The Gut Response To What We Eat


Quote:
A high-fat, high-sugar diet can quickly and dramatically change the population of microbes living in the digestive tract, according to a new study of human gut bugs transplanted into mice.

Trillions of microbes live inside the human gut, and one of their functions is to process parts of foods that we can't digest on our own. Recent studies have suggested that certain populations of microbes may be associated with obesity.

"The energetic and nutrient value of food may not be an absolute term, but one that is modified in part by the microbes that live in our gut — who's there in this community, how they operate, and how they operate in relationship to what we are eating," says Jeffrey Gordon of Washington University School of Medicine in St. Louis, Mo.

He and other scientists are eager to start doing experiments to see what happens if the gut populations are modified by changes in diet, antibiotics, or dietary supplements. To make such experiments possible, Gordon has been working with colleagues to take gut microbes from human feces and transplant them into the intestinal tracts of previously germ-free mice.

A Gut Bacteria 'Census'

Using powerful DNA sequencing tools that allow them to take a "census" of the gut bugs without having to culture them, Gordon's team then showed that this kind of microbe transplant is successful. The mice end up with a collection of gut microbes that mimic the populations found in the original human sample.

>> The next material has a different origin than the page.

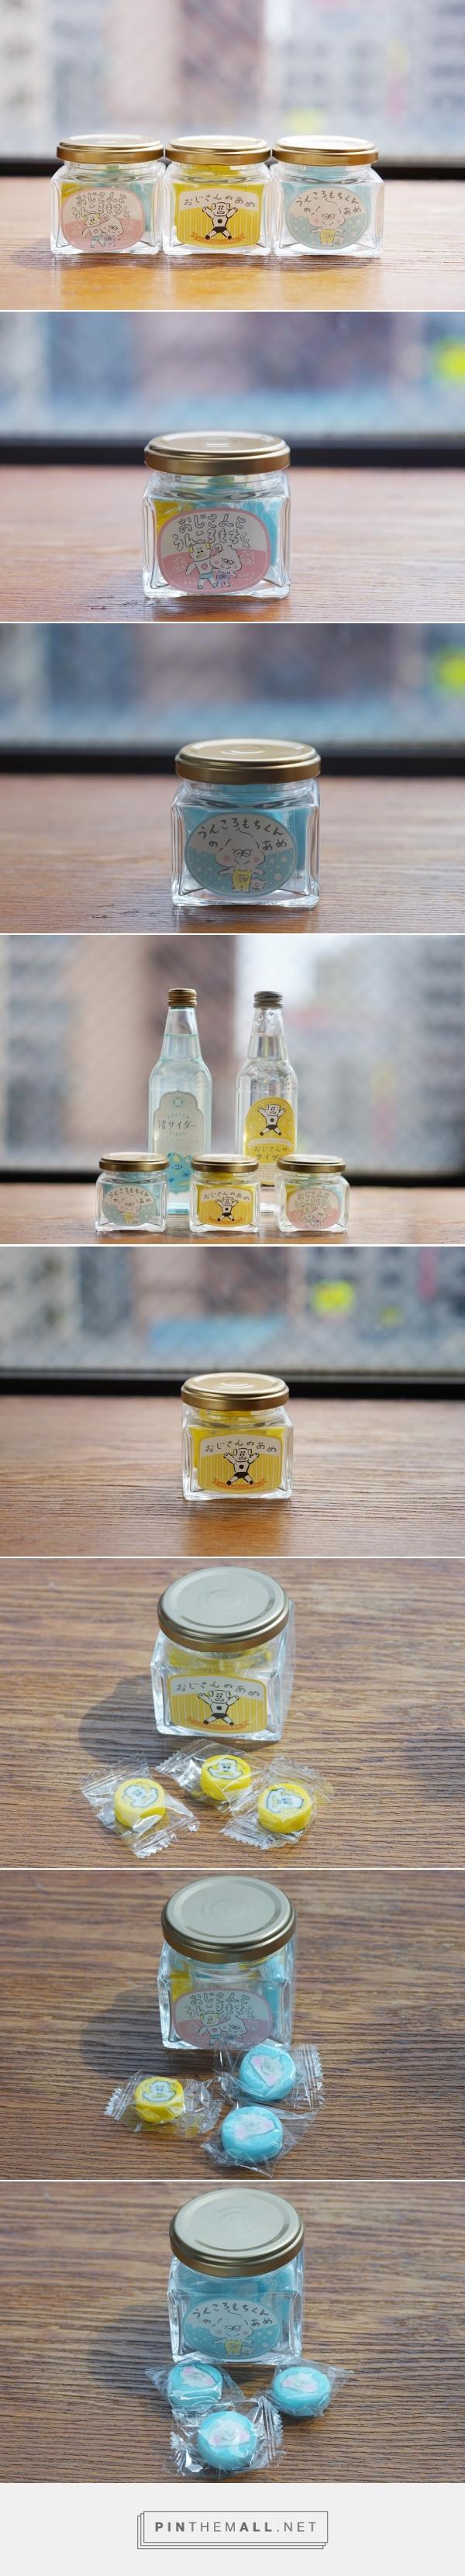 Ojisan no Cider - Packaging of the World - Creative Package Design Gallery - http://www.packagingoftheworld.com/2016/04/ojisan-no-cider.html

Then the team explored what would happen to these microbes if mice were switched from their standard low-fat, plant-rich mouse chow to a diet that was high in fat and sugar.

They found that in less than 24 hours the gut's microbial populations changed abruptly, according to a study in the journal Science Translational Medicine.

"We were quite amazed that the community really restructured itself in terms of the proportional representation of different bacterial species, the proportional representation of genes with different functions, in a very short period of time," says Gordon. "Certain members of that society of microbes became very dominant, and certain members became more diminutive."

And when this new collection of human microbes was transplanted into germ-free mice, the mice gained an increased amount of fat tissue even when fed low-fat diets, compared to mice that got human microbes from mice fed low-fat diets.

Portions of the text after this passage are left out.